A few blocks from the center of madness you’ll find Cafe Milano, where Washington’s bold-faced names gather -- Congress members, cabinet officials, ambassadors, hot shot journalists, sports stars, Hollywood actors. An armada of black Chevy Suburbans usually idles out front. To drop just a few names: Barack and Michelle Obama, Michael Jordan, Sen. Joe Manchin, Bradley Cooper, the queen of Jordan, Ivanka Trump, Jennifer Lawrence, Serena Williams...you get the idea.


And you can go there too! My wife and I stopped in late one Saturday afternoon. I wore jeans and a henley. She arrived on a bike and her hair was wild. We were treated with great hospitality by the hostess and the folks behind the bar. They probably thought we were the sort of people who are so rich they don’t have to care about what others think. If only they knew.
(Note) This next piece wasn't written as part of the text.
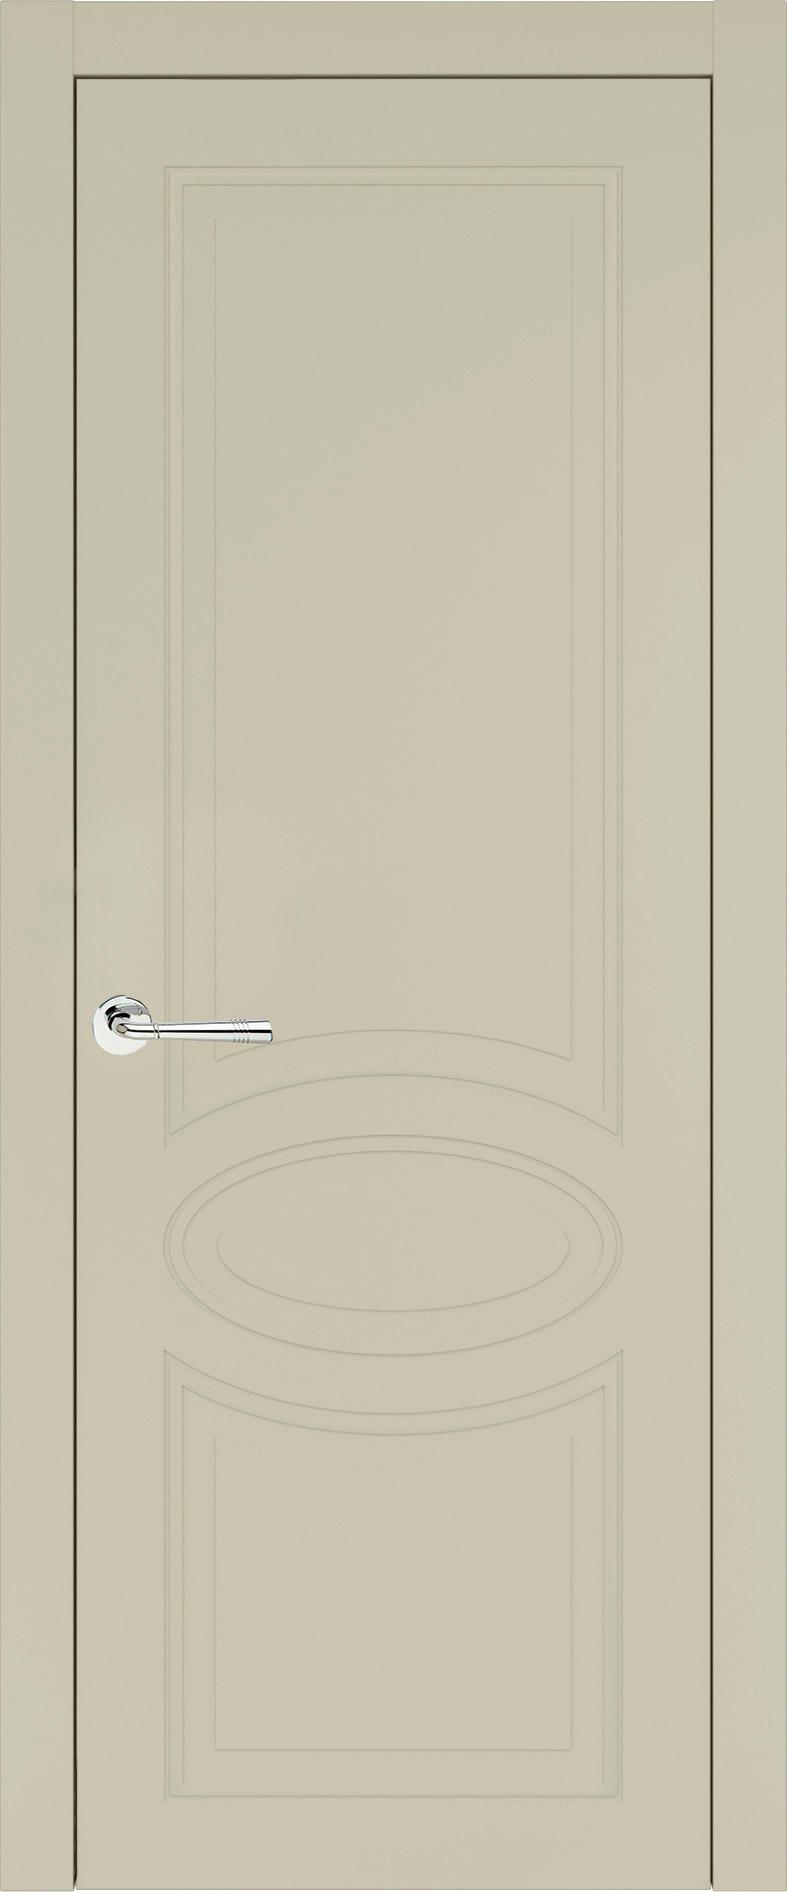 Florencia Neo Classic цвет - Серо-оливковая эмаль (RAL 7032) Без стекла (ДГ)
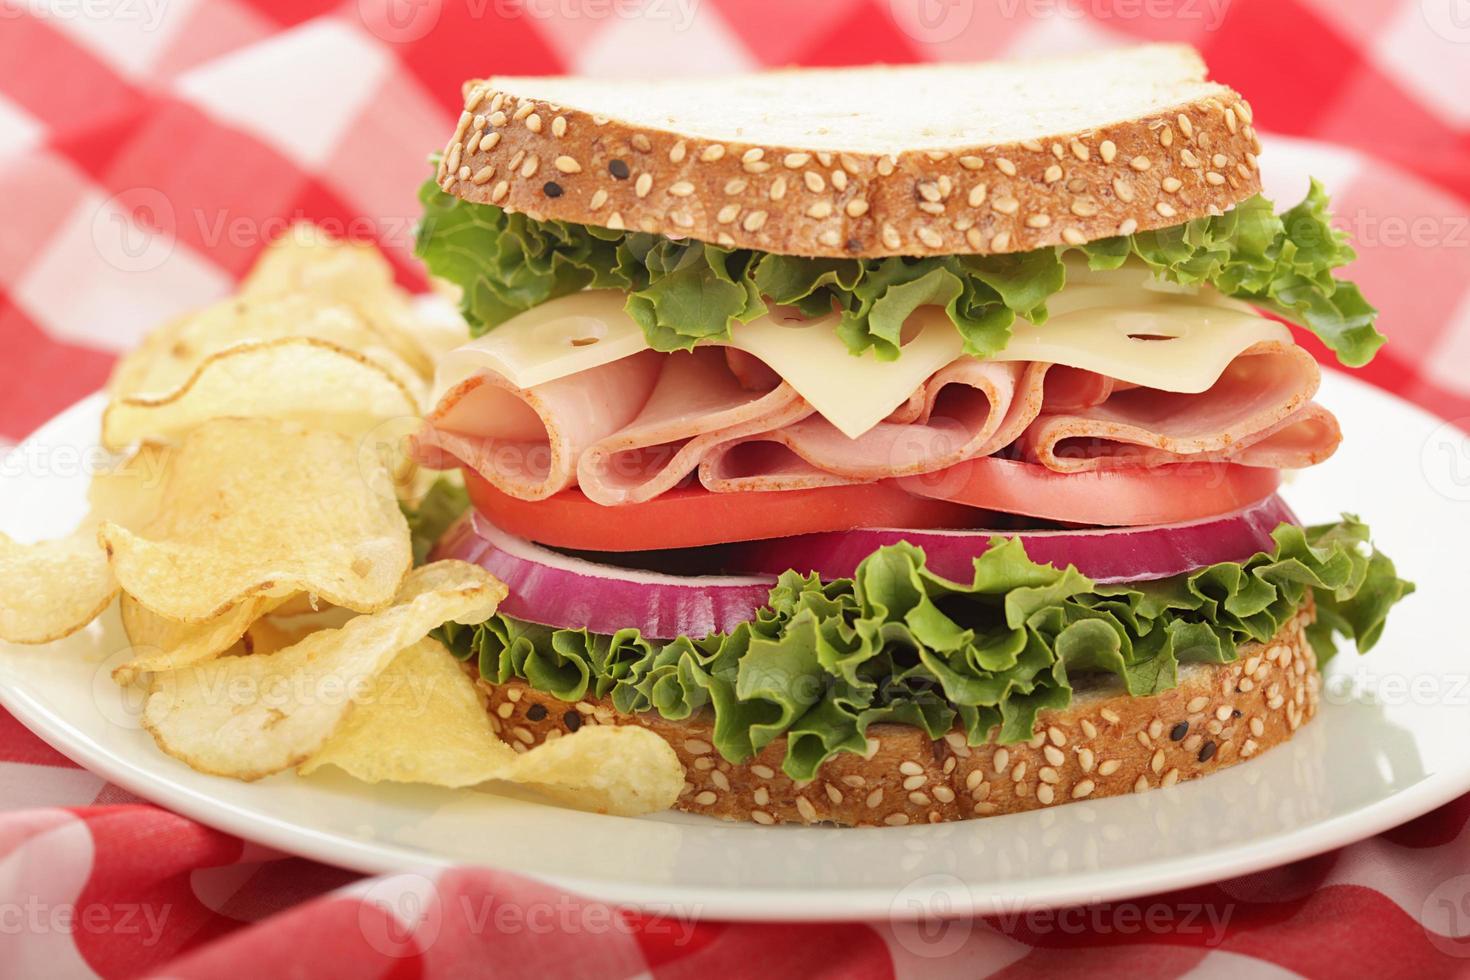 Sandwich perfection photo

We left a good tip.


The restaurant is bright and contemporary, the bar generous and well-stocked with an alarming selection of beverages that can gut your wallet with one misjudgment. But you can enjoy a fine shared contemporary Italian-ish meal without pain, and wine and drinks are hardly more than you’ll pay at most upmarket bistros.


Martin’s Tavern: You don’t know Jack

Our last stop is a small corner tavern in Georgetown that’s been in the hands of the same family for four generations.


Let me be plain: The place puts the “shabby” in “shabby charm.” In my visits the food has been unremarkable, the drinks undistinguished. The quarters are cramped, cut-up, and unrestored. When you walk up to the restroom you have to duck your head. And I’m 5’7”.

Martin's Tavern, the D.C. bar where JFK proposed to Jackie.
Martin's Tavern in Georgetown is where the young Senator John F. Kennedy proposed to Jackie, in 1959. A plaque marks the spot.

But Martin’s Tavern is the place where neighborhood resident Senator John F. Kennedy proposed to his girlfriend, Jackie Bouvier, in 1959. The well-beaten booth is marked with a plaque.


Everybody wants to reserve the Kennedy table. Good luck with that. Maybe you’ll have a chance if you tell them you’re going to propose yourself, or at least renew your vows or something. If you’re ready to tell a useful lie for personal gain, cheers to you! You’re starting to absorb the true Washington vibe.